La radio è un altro di quei simboli che segnano indelebilmente il Novecento, quindi: potevano mancare i futuristi a “dire la loro” sulla nuova protagonista del secolo? Certamente no e infatti, dopo averla rinominata al femminile “Radia” per contrapporre provocatoriamente il modello futurista di comunicazione “puro organismo di sensazioni radiofoniche”, a essa dedicheranno pure un manifesto con le regole per l’”arte nuova che comincia dove cessano il teatro il cinematografo e la narrazione”.
Al di là dell’immancabile enfasi futurista, la radio affascina tutti: d’altra parte, come resistere alla sua magia e soprattutto alla magia del suo quadrante luminoso dove appaiono i nomi delle stazioni estere come London, Frankfurt, Riga e decine di altre che, con pazienza e tra mille fischi e fruscii, potevano diventare altrettante voci straniere?
Il suo potere di suggestione è enorme: lo toccò con mano Orson Welles quando, nel 1938, decise di sceneggiare per la radio “La guerra dei mondi”, un romanzo di fantascienza che annunciava l’invasione di marziani. La narrazione radiofonica, concepita come notiziari che si inserivano nella programmazione abituale, generò il caos perché molti ascoltatori non compresero la finzione: “Sei minuti dopo che eravamo andati in onda – disse lo stesso Welles - le case si svuotavano e le chiese si riempivano; da Nashville a Minneapolis la gente alzava invocazioni e si lacerava gli abiti per strada.” L’invasione extraterrestre? Guai a giocare con le fake news…
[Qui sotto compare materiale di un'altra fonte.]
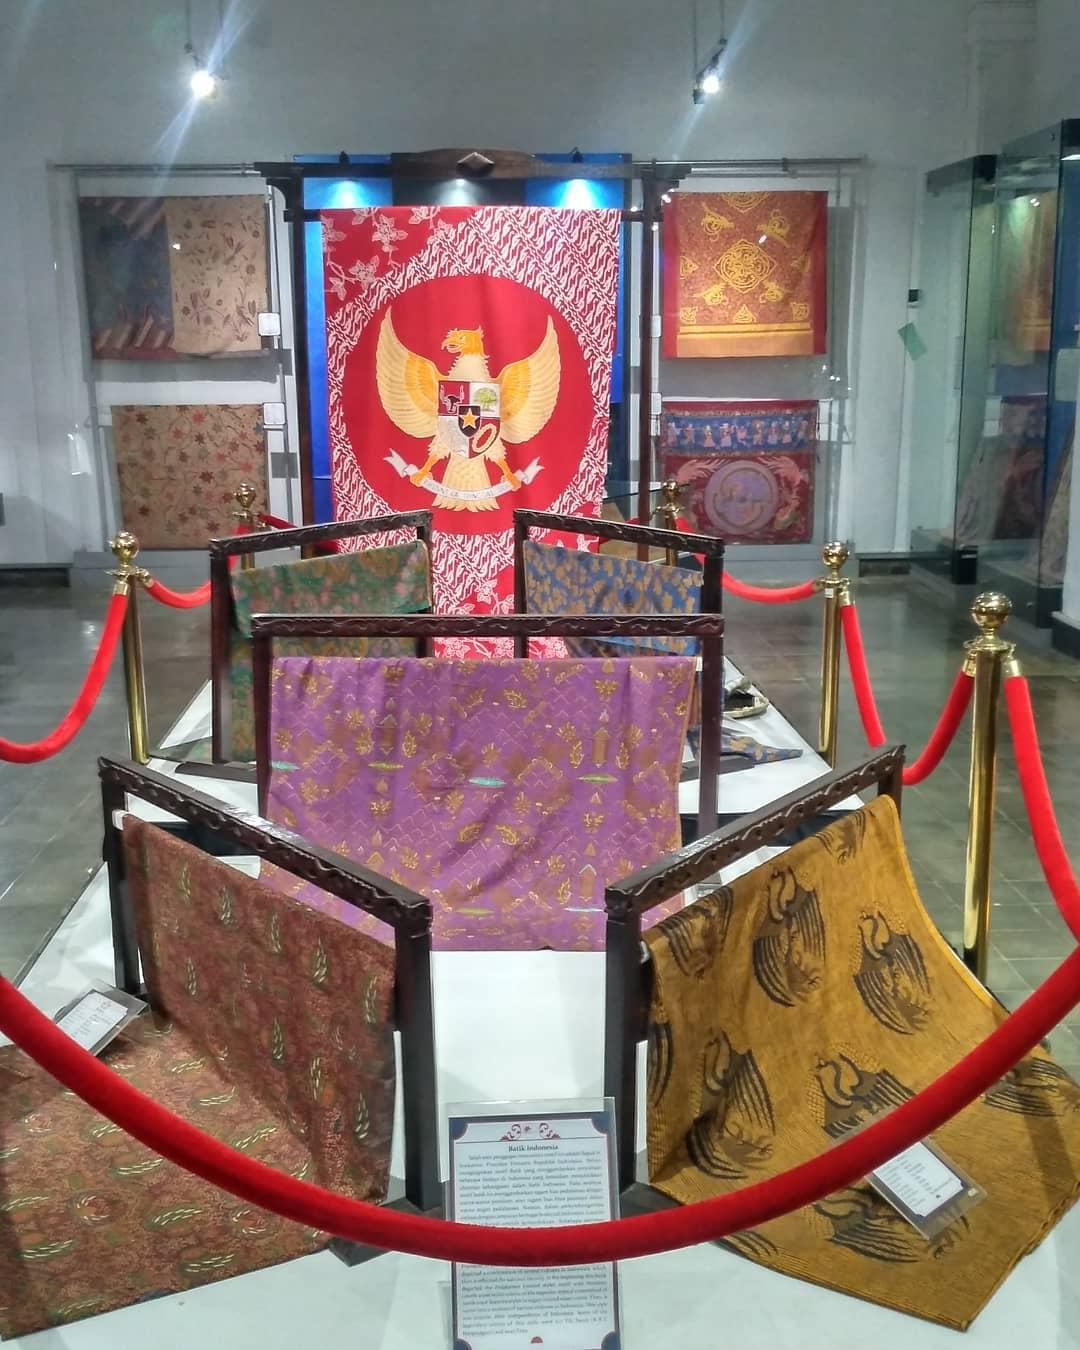 Koleksi Barang di Monumen Pancasila Sakti

La radio sarà invece protagonista nella vera guerra dei mondi ossia durante il secondo conflitto mondiale: indispensabile come mezzo di comunicazione tra i reparti al fronte, come strumento di propaganda e come fonte di informazione per chi, giorno dopo giorno, attende l’annuncio della fine dei combattimenti.
Saranno gli anni Cinquanta però a decretare la definitiva affermazione della radio: nascono le radioline a transistor grazie alle quali informazione e musica possono stare in una tasca ed essere portate dove si vuole.
C’è chi afferma che web e smartphone finiranno per rendere la radio obsoleta: non lo crediamo, non solo perché oltre 50.000 emittenti oggi nel mondo rappresentano un bel “fronte resistenziale”, ma anche perché, come disse un conduttore radiofonico: “Nonostante tutti i miglioramenti tecnici, [la radio] è ancora un uomo o una donna e un microfono, la riproduzione di musica, la condivisione di storie, il comunicare con il pubblico”, ossia, è la semplicità indispensabile.